An example of how these codes are used within EMERSE can be found in our Virtual Machine Guide.
The data in the Patient table are automatically copied to a Solr index, by default once per day. This is detailed in the Configuration Guide.
|
Research Studies and Attestation
Immediately after each login, every user is required to ‘attest’ to their use of EMERSE for that session by specifying their reason for using the system. This is called the ‘Attestation’ page, and the results are stored in the SESSION_ATTESTATION table. EMERSE provides three options (configurable by a system administrator) for this attestation: (1) a free text box, (2) ‘Quick Buttons’ for choosing pre-selected options that are commonl used (for example, “Quality Improvement”, “Patient Care”, “Infection Control”, etc), and (3) a table of research studies to which a user is associated. Additional tables RESEARCH_STUDY_ATTESTATION, and ATTESTION_OTHER may contain additional information depending on whether the user specifies a research study, or other reasons. The free text option would be used by users when no other attestation choices are reasonable. Additionally, previously used entries from the free text box will appear in the table, along with any IRB-approved studies, for the user’s convenience.
For our implementation at Michigan Medicine, we pull data on all studies in the IRB system, even if the study/person is not currently a part of EMERSE. This is because the dataset is generally small, and it makes it easier for users to validate their studies if the data are already populated, once the user is given an EMERSE account |
RESEARCH_STUDY table
Table: RESEARCH_STUDY
Population: Populated from external source such as an electronic IRB system
Population Frequency: Can be variable, but once per day is reasonable
If a user is required to select his/her study from the table, then delays in moving IRB data to EMERSE after IRB approval can result in delays access for that user. |
This table contains information about research studies. Using this table and RESEARCH_STUDY_MEMBER
allows EMERSE to show a list of studies the end user is associated with.
Column name | Description | Required or Optional |
---|---|---|
id |
Primary Key |
Required |
external_id |
IRB study number — used to link specific studies to usage, and is very helpful for tracking research usage |
Required |
study_name |
Name of the study |
Required |
principal_investigator_name |
Name of the principal investigator |
Required |
prin_invest_org_id |
id of principal investigator. Not currently used by EMERSE. This could be a user id, or email, but it is a good idea to ensure it is unique. |
Optional |
expiration_date |
Expiration date of study. Used to determine if a user should be allowed to proceed. If the expiration date is older than the current date, the user will not be able to select it in the attestion GUI. |
Required |
project_status |
Current project status. This is used to track where a study is in the review and approval process. Only certain study statuses allow access to EMERSE for research. The statuses that allow a study to be selected during attestation are defined in the VALID_RES_STUDY_STATUS table. |
Required |
last_updated |
A last updated date is not used by EMERSE, but can be useful for troubleshooting and tracking changes to the table. |
Optional |
begin_date |
This originally referred to the date the study began or should be allowed to begin. This field that can be used for tracking and troubleshooting. |
Optional |
VALID_RES_STUDY_STATUS table
Table: VALID_RES_STUDY_STATUS
Population: By System Admin. Only needed if research studies need to be validated
Population Frequency: May only need to be done once, at the time of system setup. May need periodic updates if the source data (such as from IRB system) defining study status is changed.

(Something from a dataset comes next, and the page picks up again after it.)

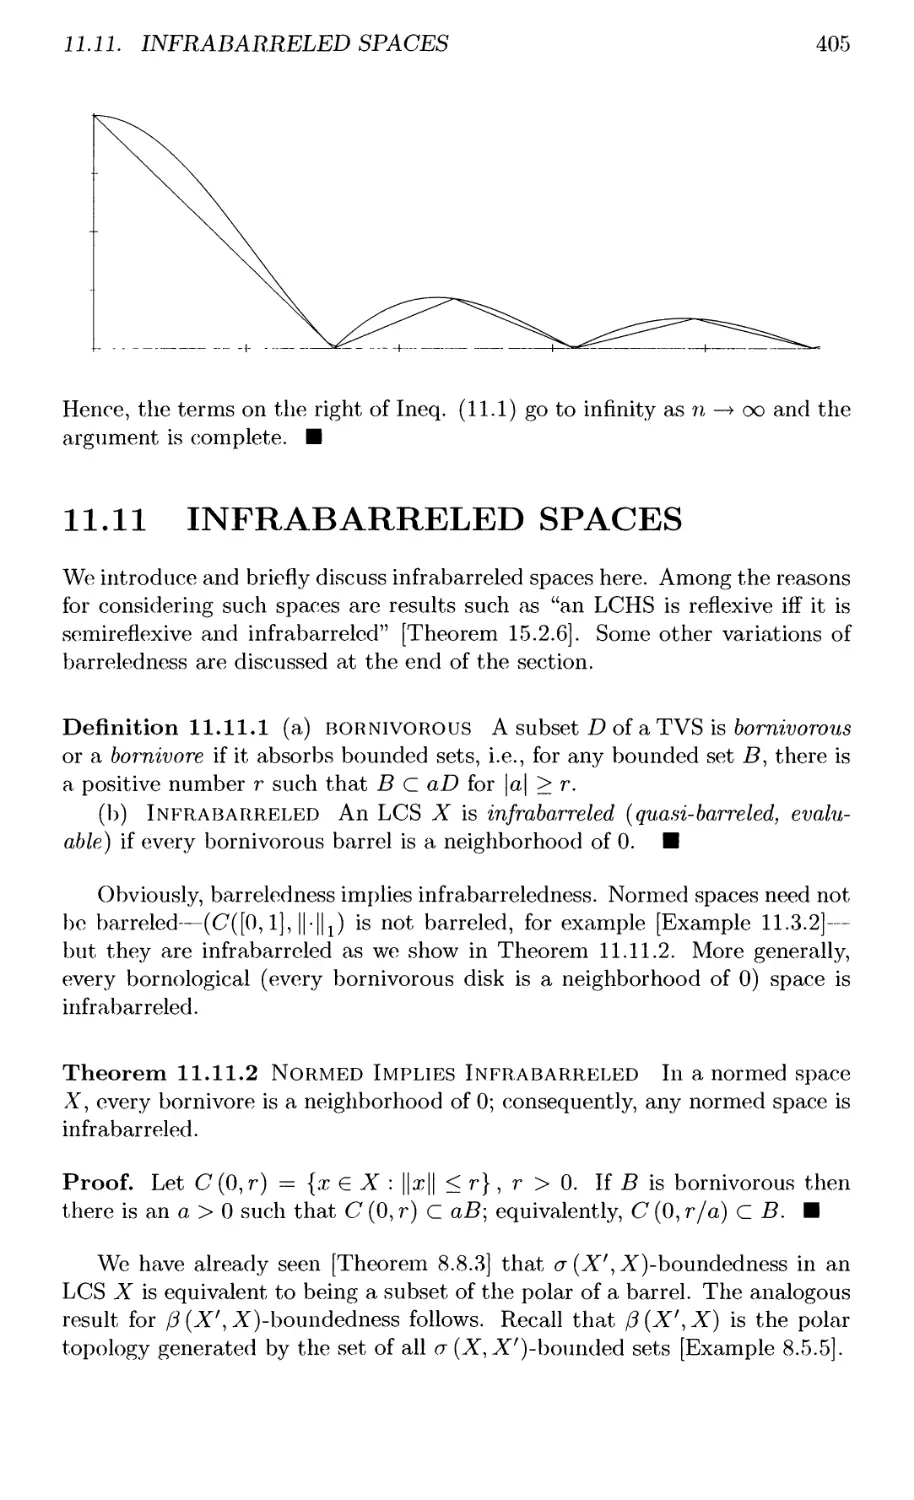 11.11 INFRABARRELED SPACES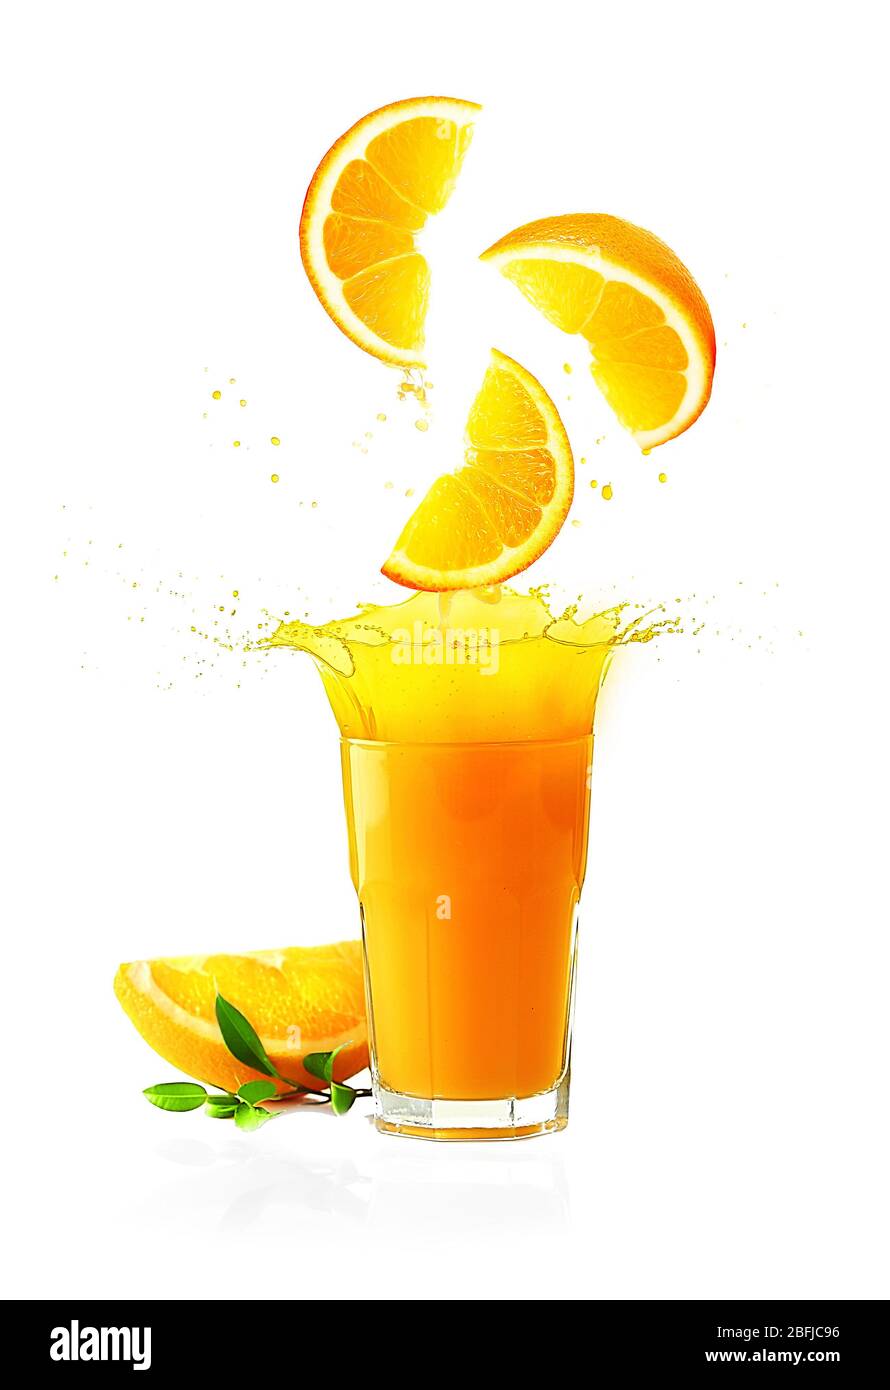 Splashing orange juice isolated on white Stock Photo

EMERSE contains a simple table defining study statuses. The statuses that are initially populated in the system (loaded up in the build script) are unique to Michigan Medicine (that is, they were developed locally and are implemented in our separate electronic IRB tracking system) and other implementations would have to have their own set of valid statuses if these were to be used to validate and approve usage for research. If the status of a research study is not in this table, EMERSE will not allow the study to be used for attestation; that is, the study would not even be displayed to the user to select.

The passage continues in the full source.